We offer three alternative methods of voting this proxy:
· By Telephone (using a touch-tone telephone)
· Through the Internet (using a browser)
· By Mail (using the attached proxy card and postage-paid envelope)
Your telephone or Internet vote authorizes the named proxies to vote your shares in the same manner as if you had returned your proxy card. We encourage you to use these cost-effective and convenient methods of voting, 24 hours a day, 7 days a week.

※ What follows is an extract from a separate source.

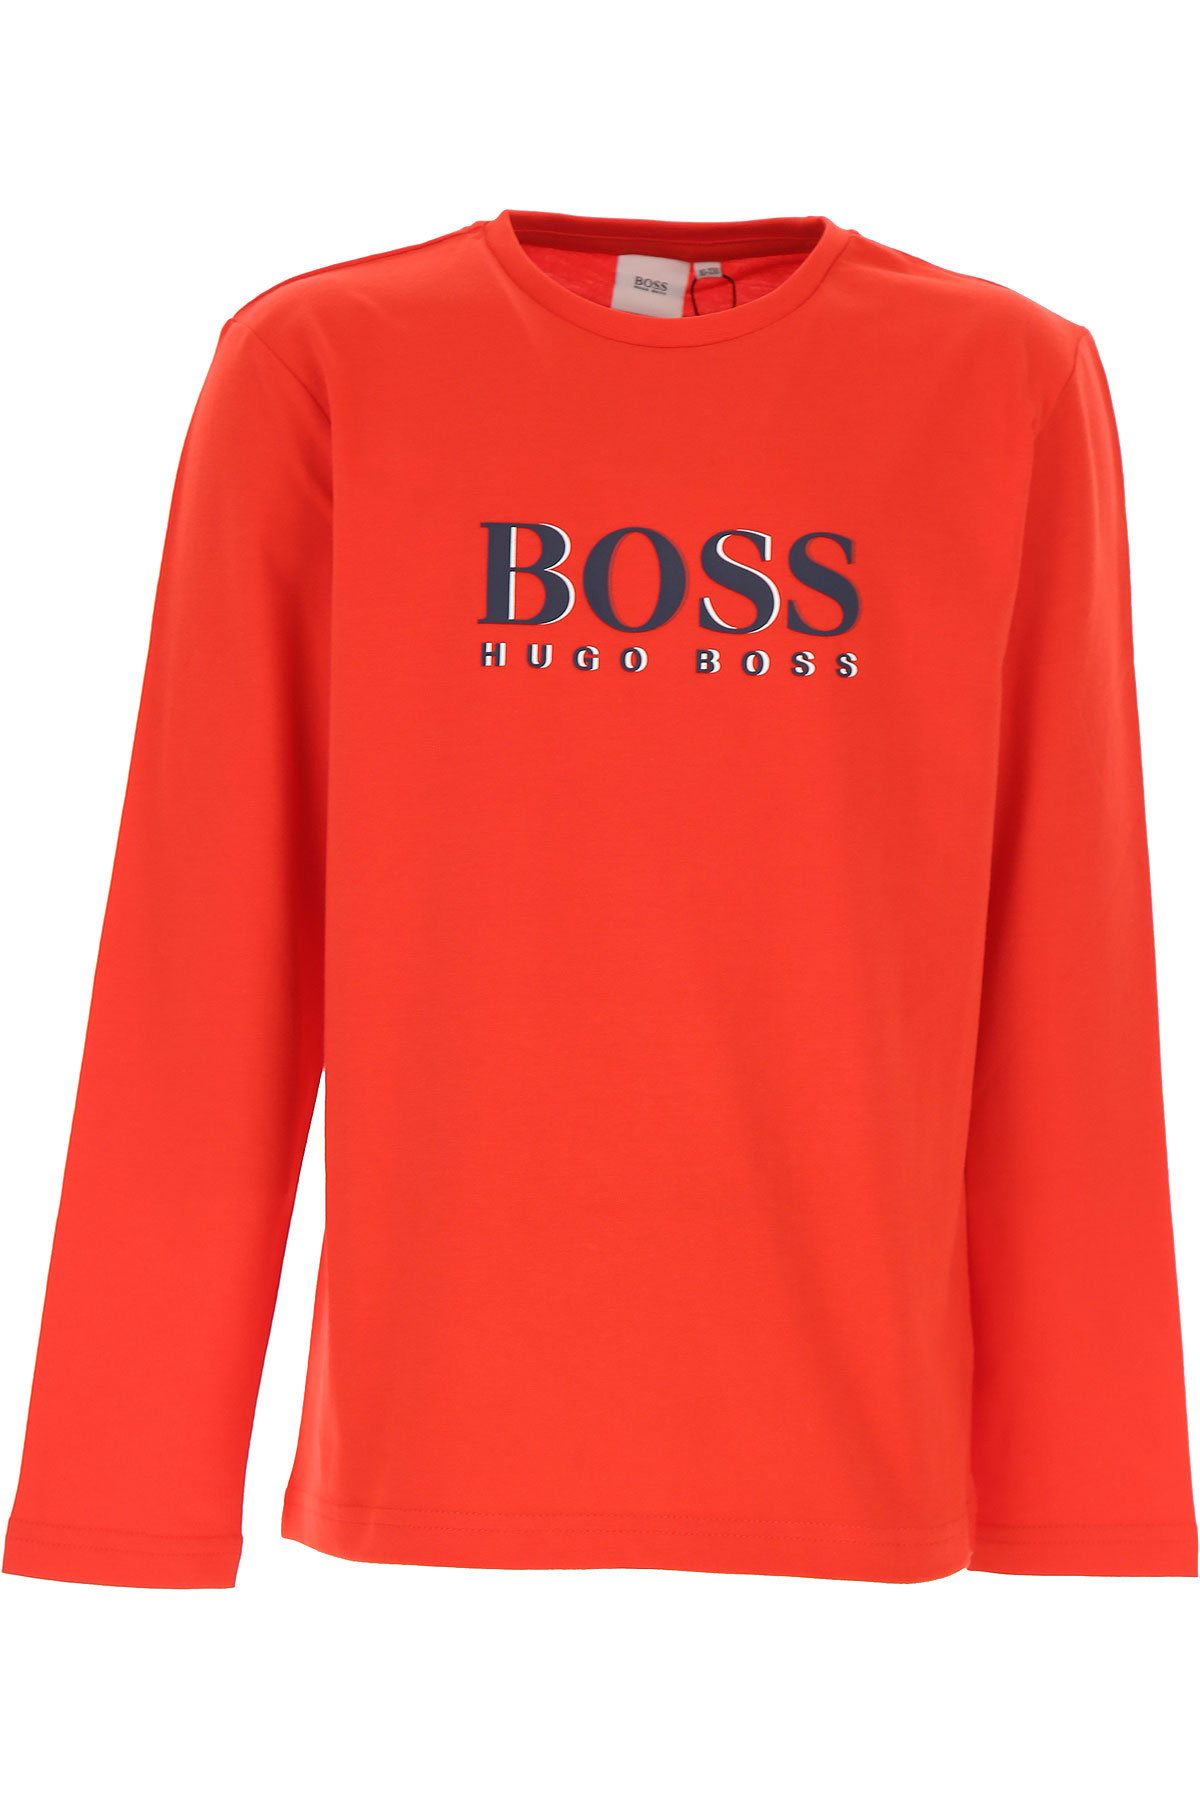 Hugo Boss Kinder T-Shirt für Jungen Günstig im Sale, Rot, Baumwolle, 2017, 14Y 16Y 4Y 5Y 6Y 8Y
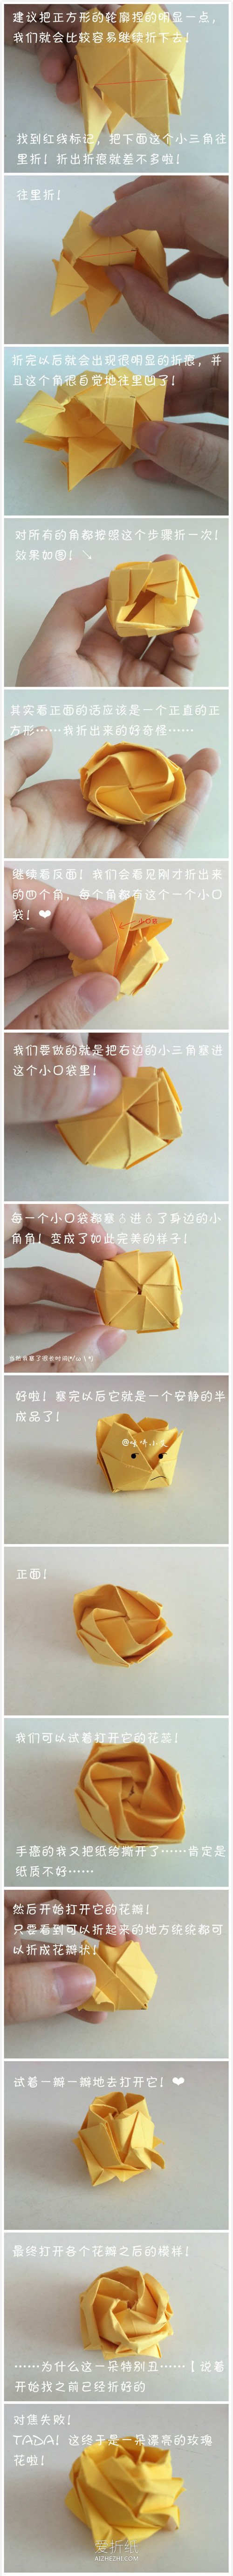 怎么折纸立体川崎玫瑰的折法图解- www.aizhezhi.com

TELEPHONE VOTING Available until 3 a.m. Eastern Daylight Time on May 23, 2012
· This method of voting is available for residents of the U.S. and Canada
· On a touch-tone telephone, call TOLL FREE 1-855-454-1038, 24 hours a day, 7 days a week
· In order to vote via telephone, have the voting form in hand, call the number above and follow the instructions
· Your vote will be confirmed and cast as you directed
INTERNET VOTING Available until 3 a.m. Eastern Daylight Time on May 23, 2012
· Visit the Internet voting website at http://www.rtcoproxy.com/tdbk
· In order to vote online, have the voting form in hand, go to the website listed above and follow the instructions
· Your vote will be confirmed and cast as you directed
· You will only incur your usual Internet charges
VOTING BY MAIL
· Mark, sign and date your proxy card and return it in the enclosed postage-paid envelope
· If you are voting by telephone or through the Internet, please do not return your proxy card.